Three adults, two sheepdogs and six children were about to cross the river at a ford. We moved on upstream and into the woods taking narrow paths through the flowers up and above the Seven. And the flowers are gorgeous. The slopes of Hob Bank Wood are dominated by wood anemones, though dominated seems inappropriate for such a delicate plant, but they cover acres, sparkling white, the best show of them I've ever seen and the prettiest sight I've seen this year. Here and there they are sparked with a violet and there are clusters of pale flower spikes of toothwort which is a leafless parasite. There is a sequence of woods along the Seven here. Spring Bank Wood and Coppy Wood hint at a history of coppicing, and that how it looks, coppiced hazel and above that various standard trees.
The next beneficiary of these ancient woodlands is the garlic, it’s virtually the only plant of the steep slopes of Cropton Bank Woods. Its flowers are swelling, if you walk with a party along these smooth single file paths and you like pungent garlic then walk at the tail of the crocodile to benefit most from the boot bruised leaves.
Take a little detour to admire a rebuilt footbridge over the river, a good arch of steel with a timber superstructure. Stand on it for a view to the moors.
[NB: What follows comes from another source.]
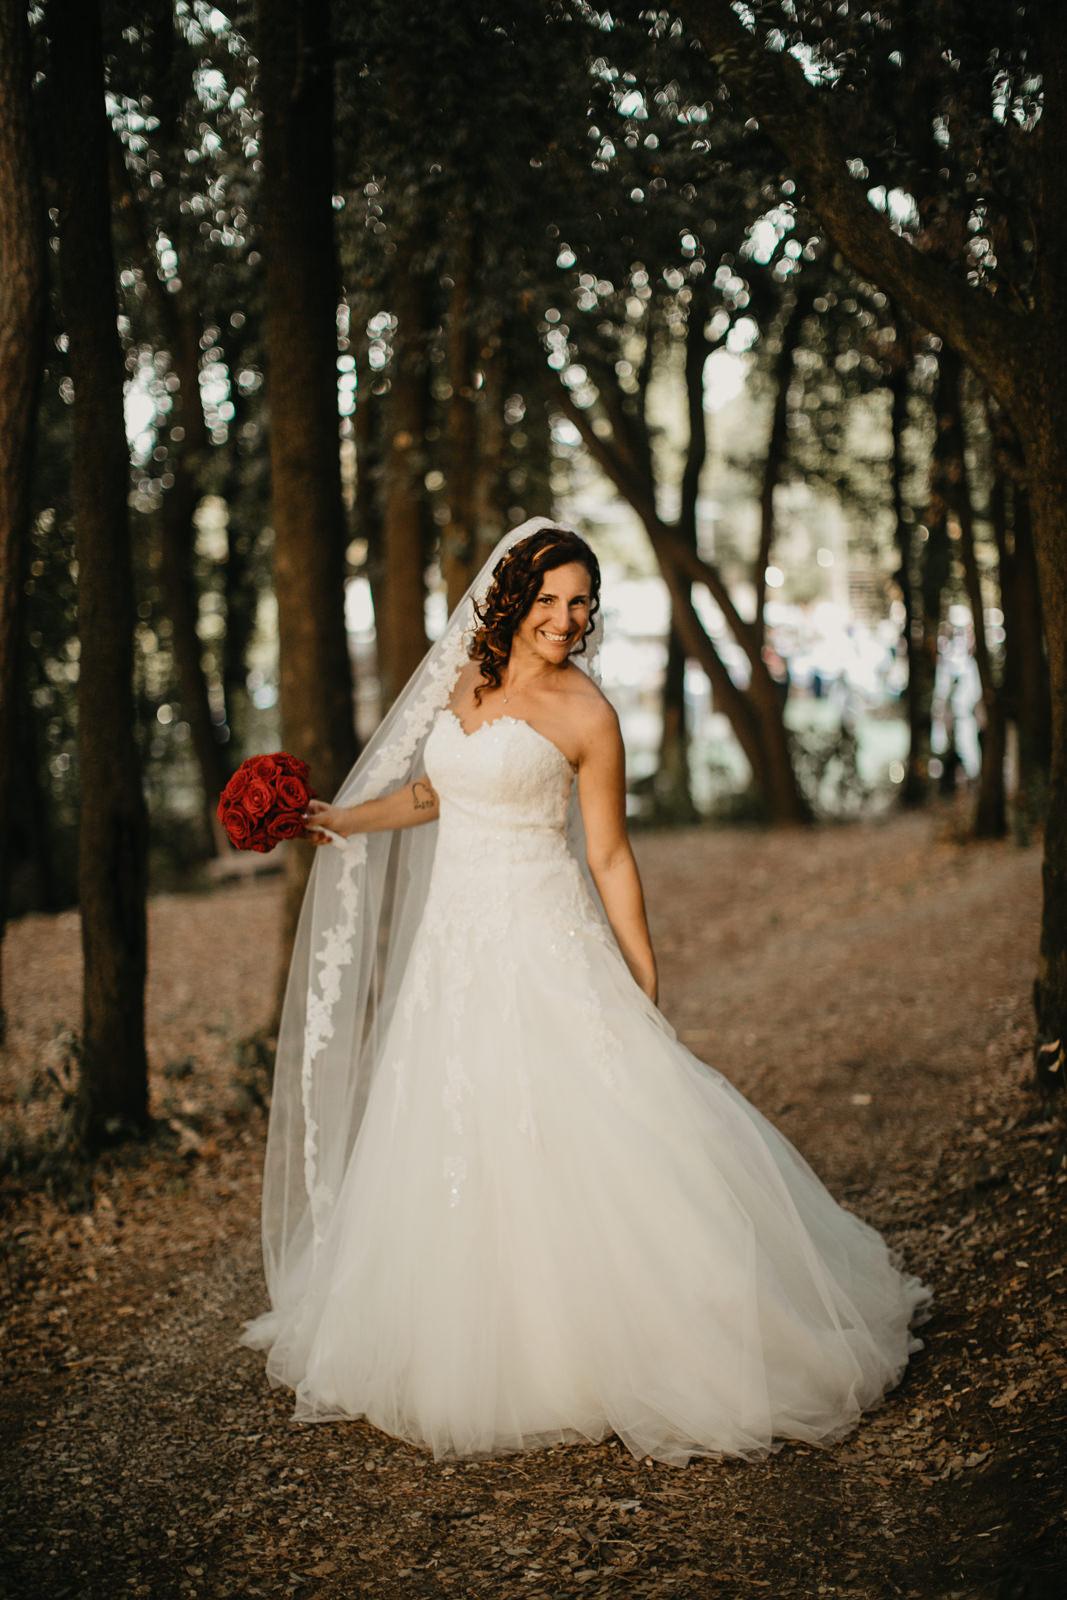 Best Wedding Photographers - Destination weddings -  Pat Cori Photography-29.jpg

A family of walkers passed within a hundred yards, a family of cyclists rode a nearby ridge, we took a path wet with a rivulet that locals probably avoid.
It was all so nice here, including the only house painted white, the only farm, a bank of primrose and a bank of daisies.
Upstream about a mile is the village of Cropton, go there if energetic or thirsty, it has a brewery. Nevertheless we turned away from the river, passed industrial scale pheasant farm pens and headed south on Cropton Lane, sorry about this road but it’s ok, not that busy and with nice views of Ryedale and good verges.
A hillock allowed traffic watching half a mile away on Wrelton bank, and then it was quiet as we entered a very pleasant shallow valley divided up by the hedges of black thorn flowering white and hawthorn in green leaf, plus a willow or two with large creamy gold male catkins. The farms here are Coppice Farm, Low Coppice Farm and High Coppice Farm. For history more ancient you cross Double Dike.
Then there was the only ploughed land en route, dry and cracked 2 inches deep. The final half mile continued the pleasure, a bench at the Woodland Trust’s Roffe Wood, an interesting gable end at The Hall, and Sinnington’s greens again. You might find a note on your windscreen, a friendly note reading ‘welcome… enjoy… honesty box for green maintenance’. They like you parked on the grass rather than its threads of little roads.